Радостные впечатления теперь для нее, приехавшей и большого города сюда, в приморский поселок, каждый день начинались с той минуты, как только она, просыпаясь, вставала с постели – в саду же хозяйского дома. Ведь здесь жили две собачки, два щенка, кошка, котенок и еще маленькие цыплятки и гусятки, с которыми она быстро подружилась.

Возле дощатой собачьей конуры на привязи обычно сидел или лежал, подрагивая глазами, лохматый дружелюбный Дружок золотисто-рыжей масти. Он зря не лаял. Лаял вдруг, вскакивая с урчанием и рычанием, бренча цепью, тогда, когда соседский кот показывался в огороде. И – еще по ночам иногда, если приходили чужие собаки женихаться к суке Кнопке. Его, видно, уже блохи одолевали: частенько он покусывал себя – ляжку, спинку близ хвоста, терся спиной о доски сарая и повизгивал, бил себе по шее лапой и вообще чесался.

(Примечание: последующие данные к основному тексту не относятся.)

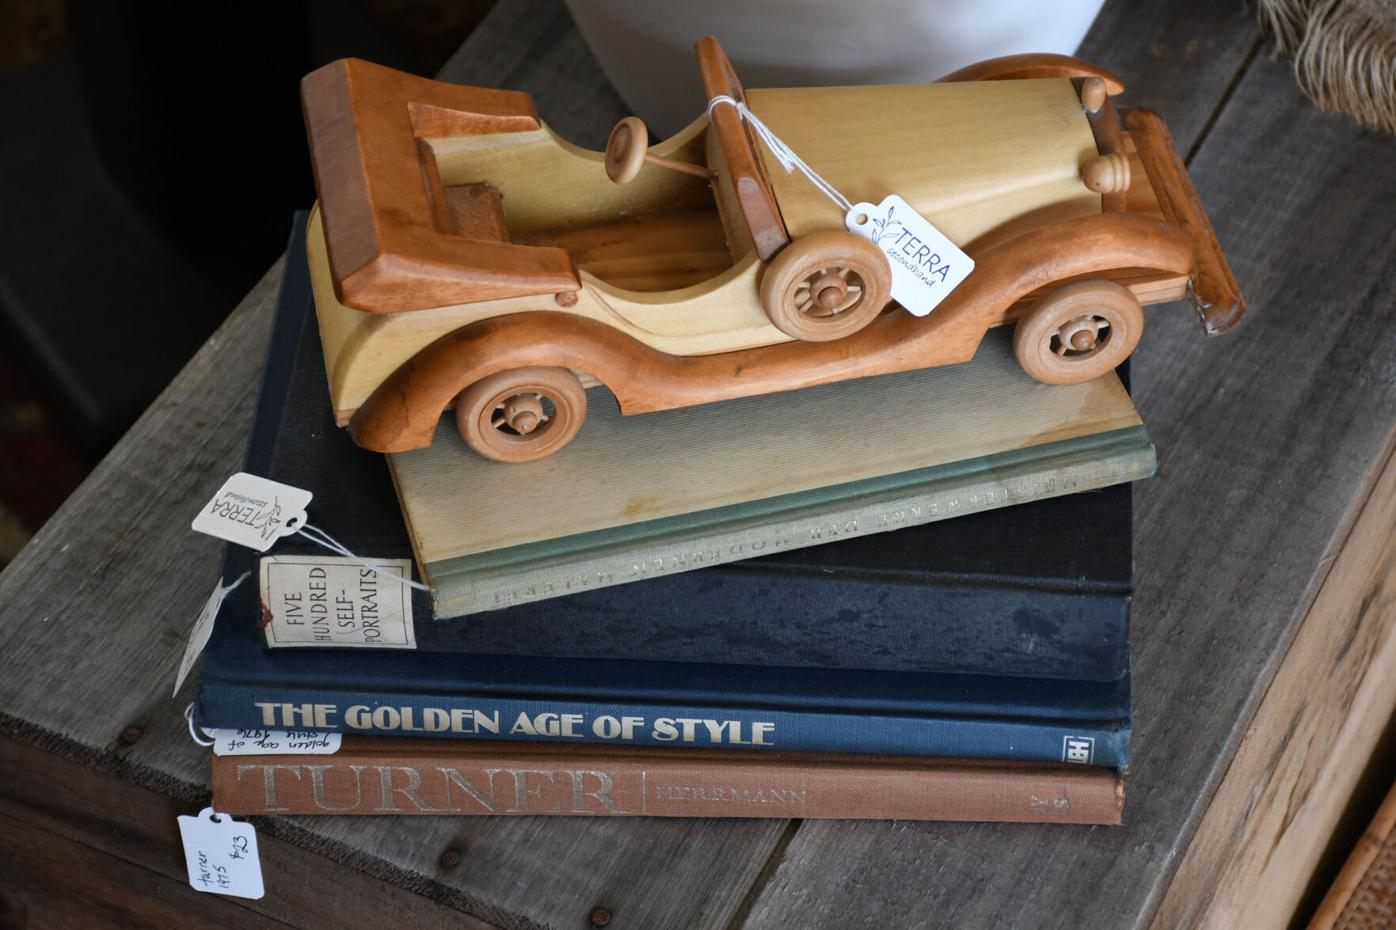 Une voiture en bois est assise sur une pile de livres vintage

Кнопка же – черной масти с белой грудкой и лапками, короткохвостая, – была милой домашней собачкой; ее по теплу хозяйка выпустила вместе с маленькими щенятами во двор, и здесь они резвились. По-первости Кнопка облаяла всех чужих людей, потом если Оля бежала куда-нибудь, то и Кнопка бежала с лаем за ней. Однако через два-три дня она совершенно перестала обращать на людей внимание. Тем более что материнских дел и забот у нее находилось невпроворот.

Она возилась с непослушными щенками – Рексом и Татошей. Рычала – учила их рычать. Или разнимала, отгоняя иногда Рекса от Татоши, как от более слабого, или от котеночка серого, который жил вместе с ними и спал и лакал молоко – из одной тарелки.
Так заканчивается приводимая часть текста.